After screening 152 articles, four studies involving 1086 patients (541 patients in the aspirin group and 545 patients in the DAPT group) were included. The results demonstrated that, at 30 days follow-up, compared with DAPT, aspirin was not associated with a statistically significant difference in the rate of bleeding events (RR = 1.22, 95% CI 0.62 to 2.39, P = 0.57), all-cause mortality (RR = 1.21, 95% CI 0.52 to 2.84, P = 0.66), stroke (RR = 0.81, 95% CI 0.24 to 2.79, P = 0.74), and MI (RR = 4.00, 95% CI 0.45 to 35.22, P = 0.21). However, at the 6 to 12 months follow-up, DAPT appeared to increase the risk of bleeding events compared with aspirin alone (RR = 1.67, 95% CI 1.24 to 2.24, P < 0.001), and there was no significant difference in the rate of all-cause mortality (RR = 0.89, 95% CI 0.53 to 1.48, P = 0.65), stroke (RR = 1.04, 95% CI 0.57 to 1.92, P = 0.90), and MI (RR = 1.65, 95% CI 0.52 to 5.26, P = 0.40) among the two groups.

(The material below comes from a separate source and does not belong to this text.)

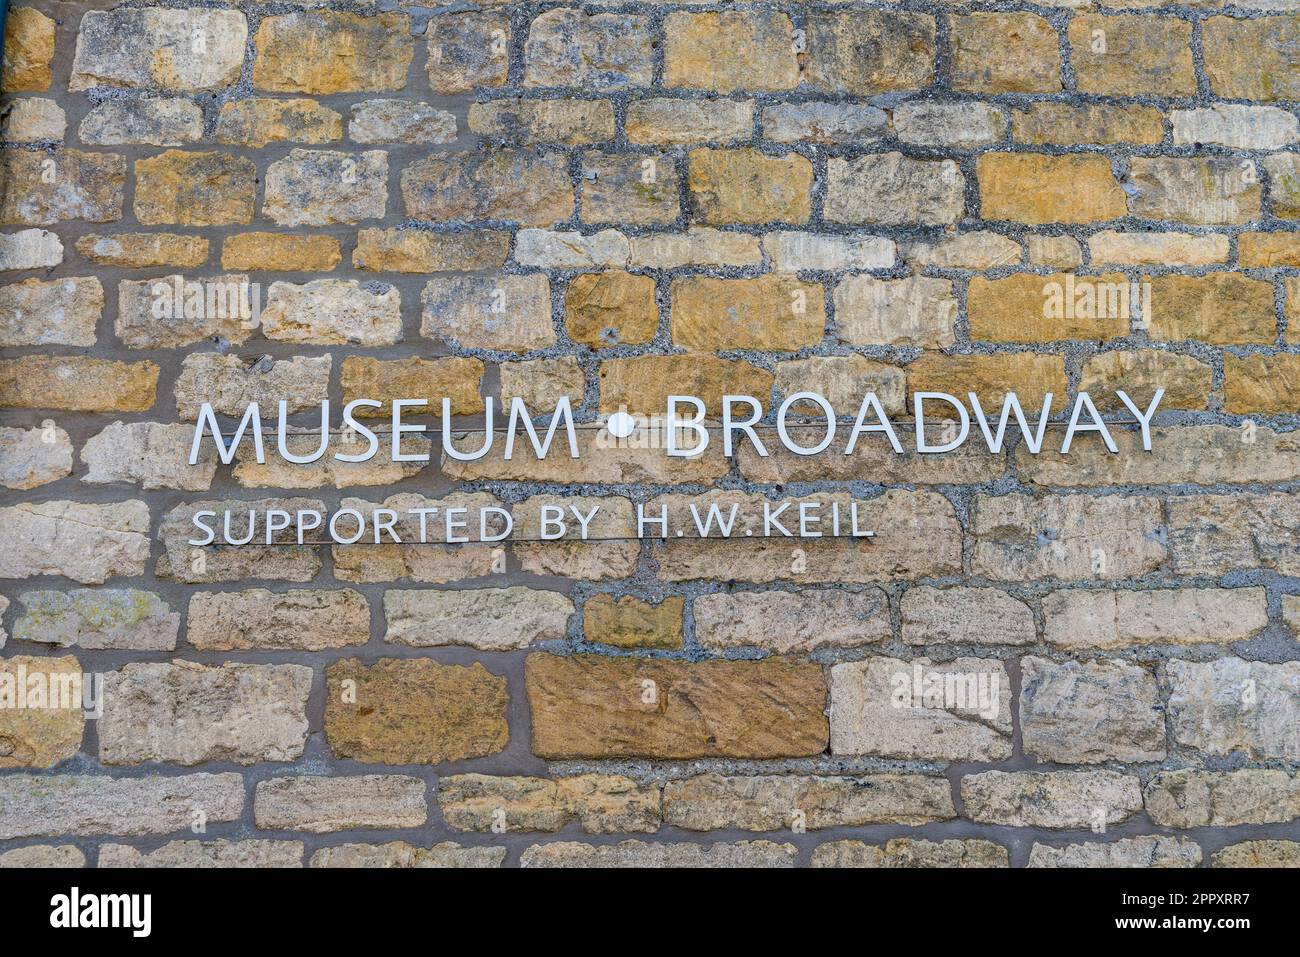 Musée et galerie d'art de Broadway dans le joli village de Cotswold à Broadway, Worcestershire, Angleterre, Royaume-Uni Banque D'Images
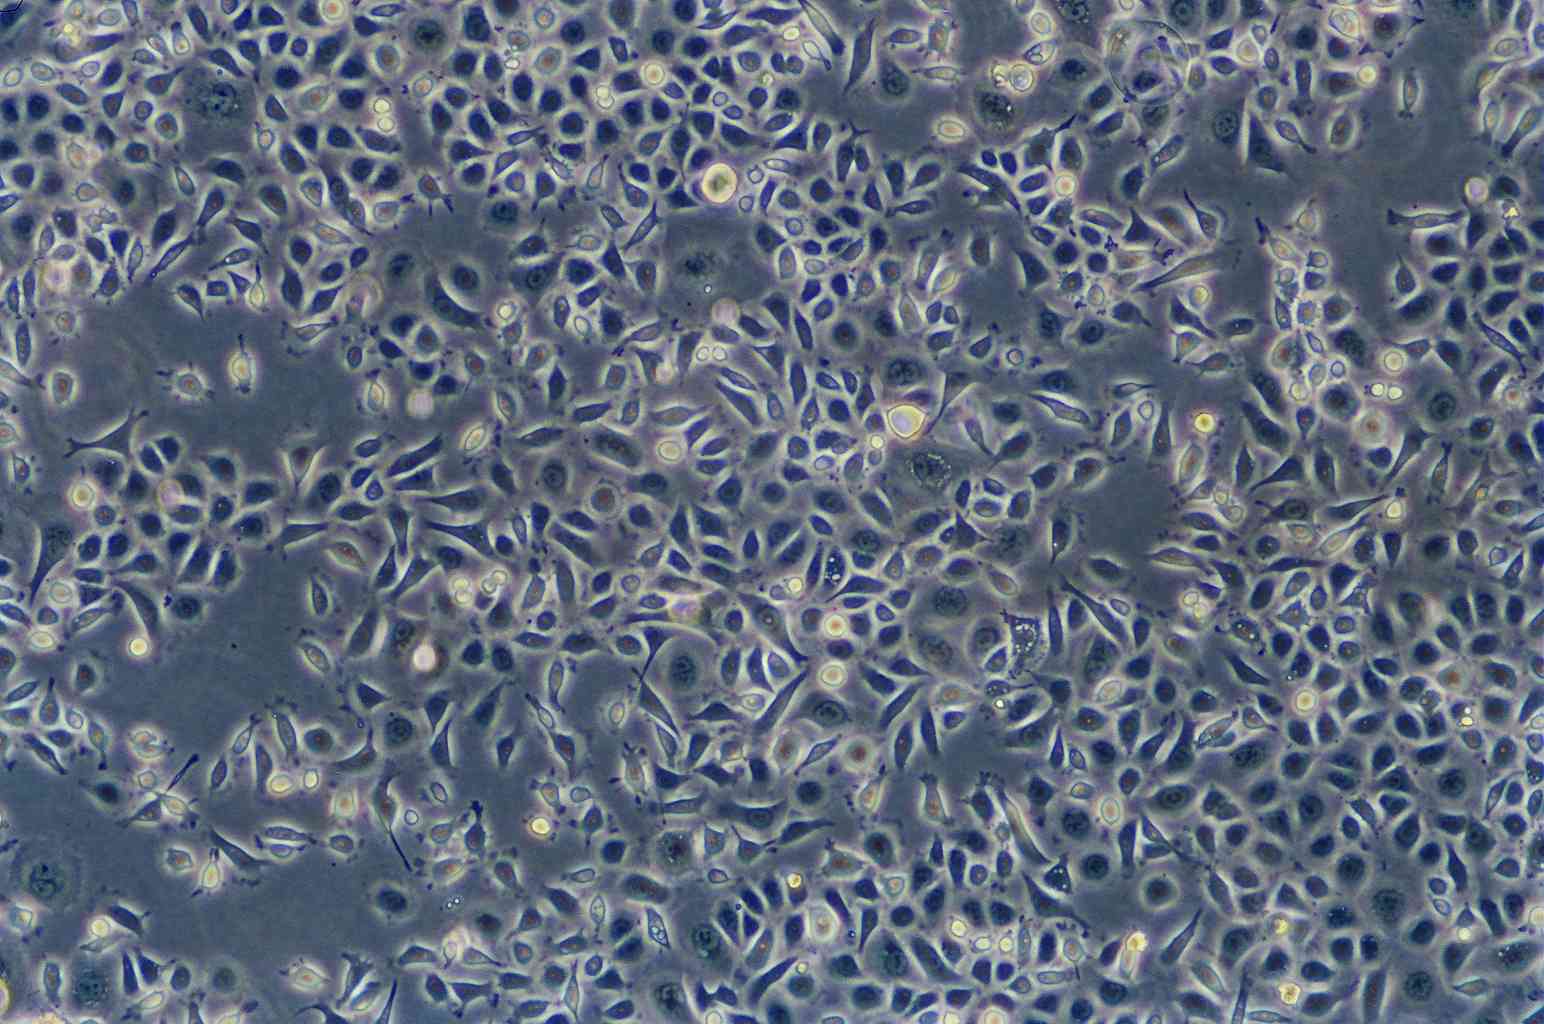 MuM-2B Cells|人眼脉络黑色素瘤可传代细胞系

Our systematic review and meta-analysis suggested that aspirin alone could decrease the risk of bleeding and was not associated with higher risk of mortality, stroke or myocardial infarction compared with DAPT.
美国心脏病学会和美国心脏协会(ACC/AHA)现行指南推荐,经导管主动脉瓣置换术(TAVR)后采用阿司匹林和氯吡格雷进行6个月的双重抗血小板治疗(DAPT),之后终身服用阿司匹林。然而,TAVR术后使用阿司匹林进行DAPT的研究对这一推荐提出了质疑,因为与阿司匹林相比,DAPT与更多出血事件相关。我们对所有比较DAPT(阿司匹林加氯吡格雷)与单独使用阿司匹林作为经导管主动脉瓣置换术后抗血栓治疗的随机对照试验(RCT)进行了系统评价和荟萃分析。
检索了Embase、PubMed和Cochrane图书馆数据库自建库至2020年10月1日的数据,并纳入了报告TAVI术后阿司匹林加氯吡格雷与单独使用阿司匹林作为抗血栓治疗的随机对照试验(RCT)。使用Revman 5.3进行分析。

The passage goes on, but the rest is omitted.